Copy the directory /opt/cuda/samples into your home dir ~/HOME, example:
Copy the directory /opt/cuda/samples into your home dir ~/HOME, example:
cp -r /opt/cuda/samples/ ~jeanpat/
Build (with make or make -j4 with a 4 cores CPU ) the test applications in the /samples directory:
$ ls -l
total 144
drwxr-xr-x 48 jeanpat users 4096 11 mai 12:10 0_Simple
drwxr-xr-x 7 jeanpat users 4096 11 mai 12:10 1_Utilities
drwxr-xr-x 12 jeanpat users 4096 11 mai 12:10 2_Graphics
drwxr-xr-x 21 jeanpat users 4096 11 mai 12:10 3_Imaging
drwxr-xr-x 10 jeanpat users 4096 11 mai 12:10 4_Finance
drwxr-xr-x 10 jeanpat users 4096 11 mai 12:10 5_Simulations
drwxr-xr-x 31 jeanpat users 4096 11 mai 12:10 6_Advanced
drwxr-xr-x 37 jeanpat users 4096 11 mai 12:10 7_CUDALibraries
drwxr-xr-x 6 jeanpat users 4096 11 mai 12:10 common
-rw-r--r-- 1 jeanpat users 96407 11 mai 12:10 EULA.txt
-rw-r--r-- 1 jeanpat users 2652 11 mai 12:10 Makefile
The binary file deviceQuery can be launched using optirun:
$ optirun ./deviceQuery
./deviceQuery Starting...
CUDA Device Query (Runtime API) version (CUDART static linking)
Detected 1 CUDA Capable device(s)
Device 0: "GeForce GT 740M"
CUDA Driver Version / Runtime Version 7.5 / 7.5
CUDA Capability Major/Minor version number: 3.5
Total amount of global memory: 2048 MBytes (2147352576 bytes)

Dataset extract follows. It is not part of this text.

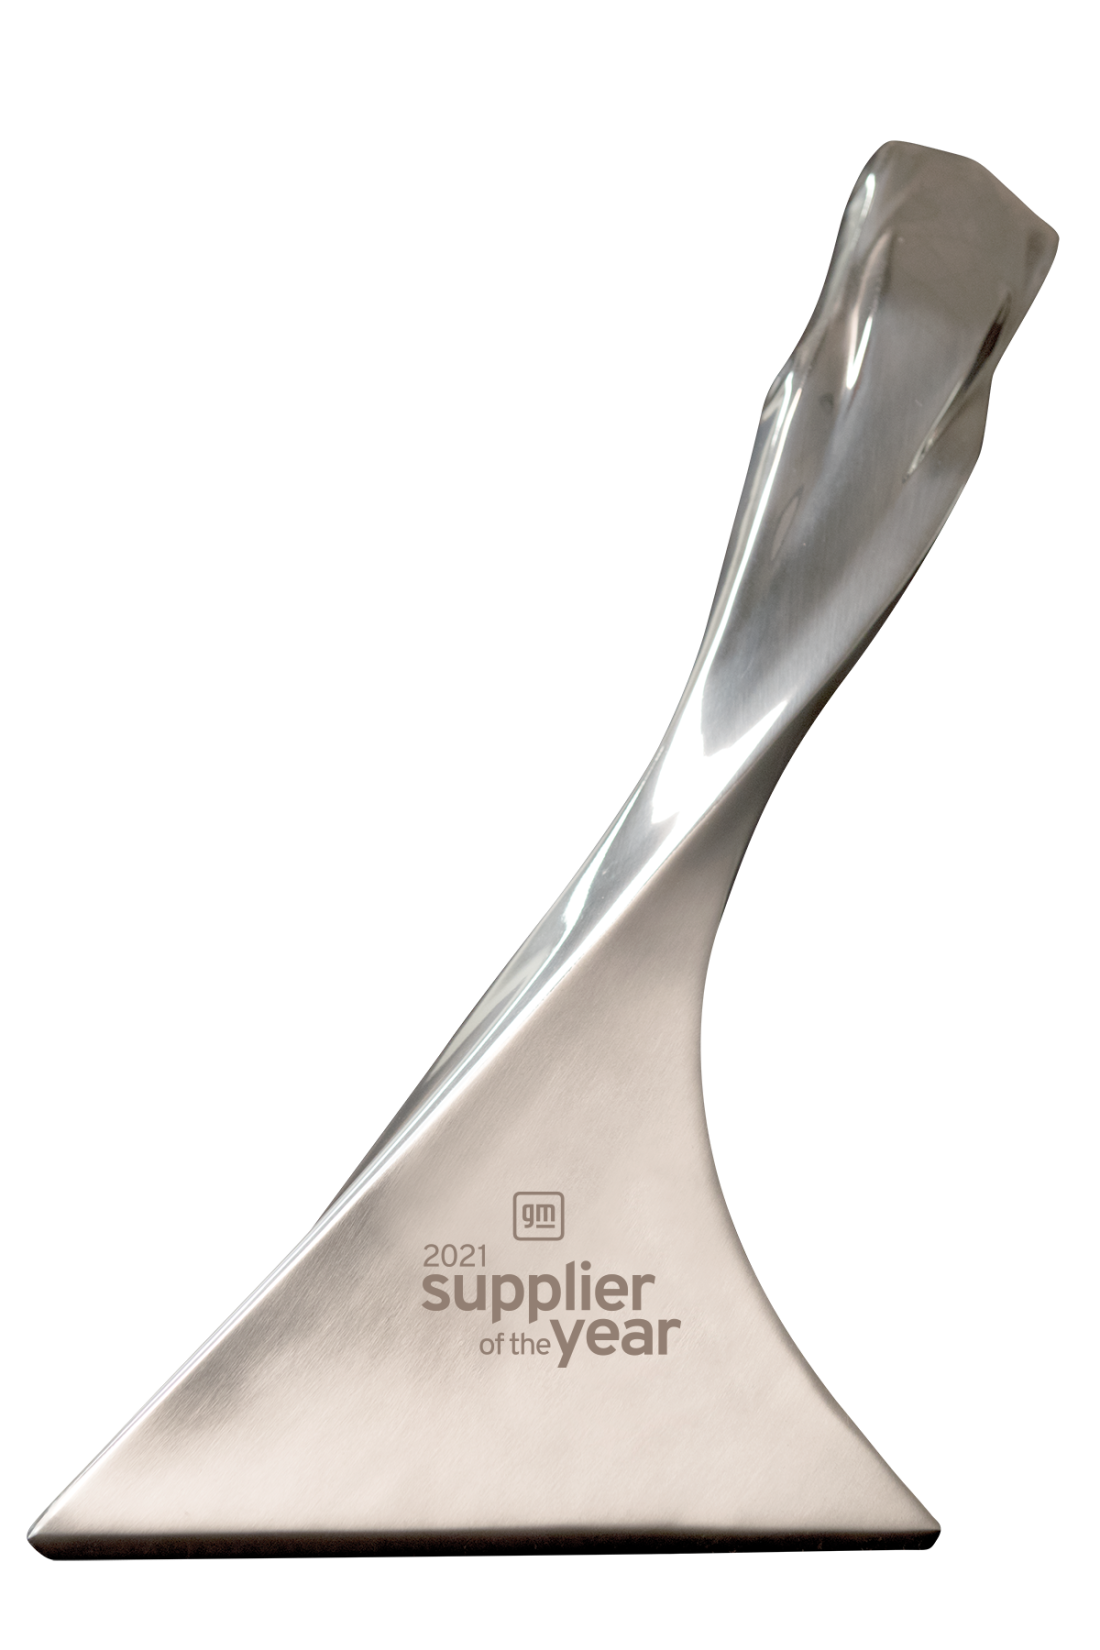 GM 2021 Supplier of the Year Award

( 2) Multiprocessors, (192) CUDA Cores/MP: 384 CUDA Cores
GPU Max Clock rate: 1032 MHz (1.03 GHz)
Memory Clock rate: 900 Mhz
Memory Bus Width: 64-bit
L2 Cache Size: 524288 bytes
Maximum Texture Dimension Size (x,y,z) 1D=(65536), 2D=(65536, 65536), 3D=(4096, 4096, 4096)
Maximum Layered 1D Texture Size, (num) layers 1D=(16384), 2048 layers
Maximum Layered 2D Texture Size, (num) layers 2D=(16384, 16384), 2048 layers
Total amount of constant memory: 65536 bytes
Total amount of shared memory per block: 49152 bytes
Total number of registers available per block: 65536
Warp size: 32
Maximum number of threads per multiprocessor: 2048
Maximum number of threads per block: 1024
Max dimension size of a thread block (x,y,z): (1024, 1024, 64)

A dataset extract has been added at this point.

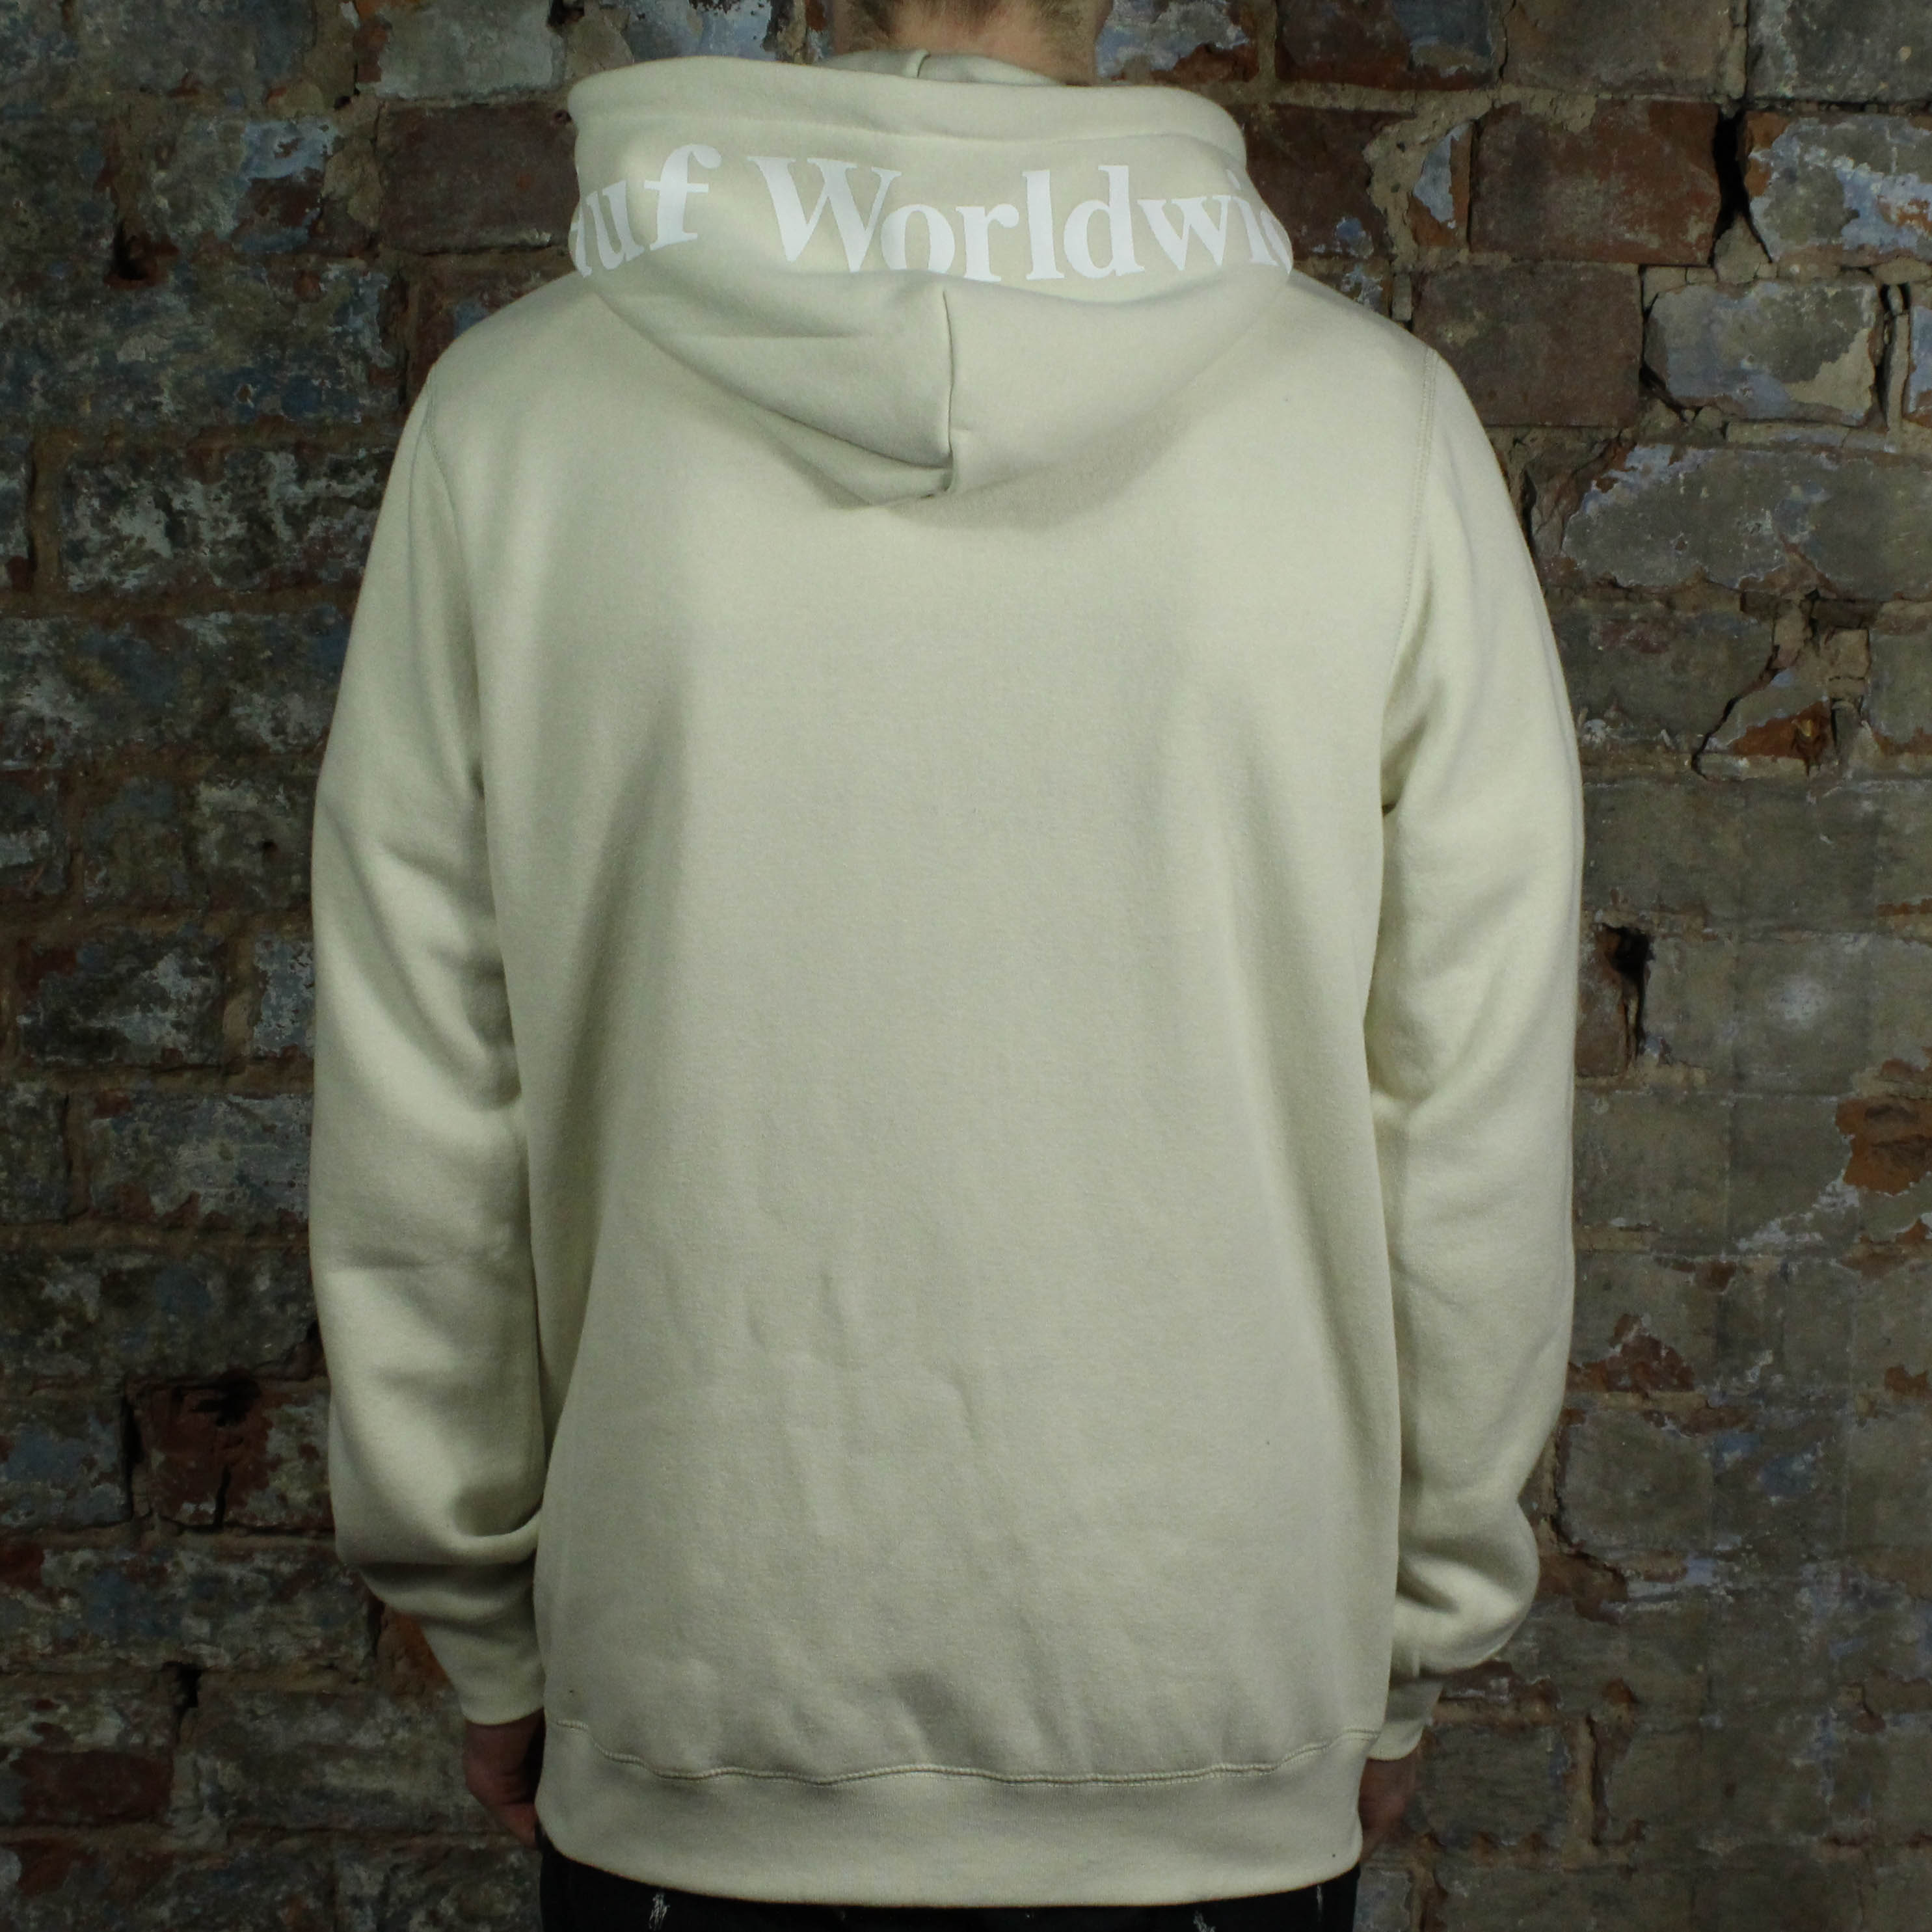 Green and White Box Logo - HUF Outline Box Logo Hooded Sweatshirt - Off White - Remix Casuals

Max dimension size of a grid size (x,y,z): (2147483647, 65535, 65535)
Maximum memory pitch: 2147483647 bytes
Texture alignment: 512 bytes
Concurrent copy and kernel execution: Yes with 1 copy engine(s)
Run time limit on kernels: Yes
Integrated GPU sharing Host Memory: No
Support host page-locked memory mapping: Yes
Alignment requirement for Surfaces: Yes
Device has ECC support: Disabled
Device supports Unified Addressing (UVA): Yes
Device PCI Domain ID / Bus ID / location ID: 0 / 1 / 0
Compute Mode:
< Default (multiple host threads can use ::cudaSetDevice() with device simultaneously) >
deviceQuery, CUDA Driver = CUDART, CUDA Driver Version = 7.5, CUDA Runtime Version = 7.5, NumDevs = 1, Device0 = GeForce GT 740M
Result = PASS
./deviceQuery Starting...
CUDA Device Query (Runtime API) version (CUDART static linking)
Detected 1 CUDA Capable device(s)
Device 0: "GeForce GT 740M"
CUDA Driver Version / Runtime Version 7.5 / 7.5
CUDA Capability Major/Minor version number: 3.5
Total amount of global memory: 2048 MBytes (2147352576 bytes)
( 2) Multiprocessors, (192) CUDA Cores/MP: 384 CUDA Cores
GPU Max Clock rate: 1032 MHz (1.03 GHz)
Memory Clock rate: 900 Mhz
Memory Bus Width: 64-bit
L2 Cache Size: 524288 bytes
Maximum Texture Dimension Size (x,y,z) 1D=(65536), 2D=(65536, 65536), 3D=(4096, 4096, 4096)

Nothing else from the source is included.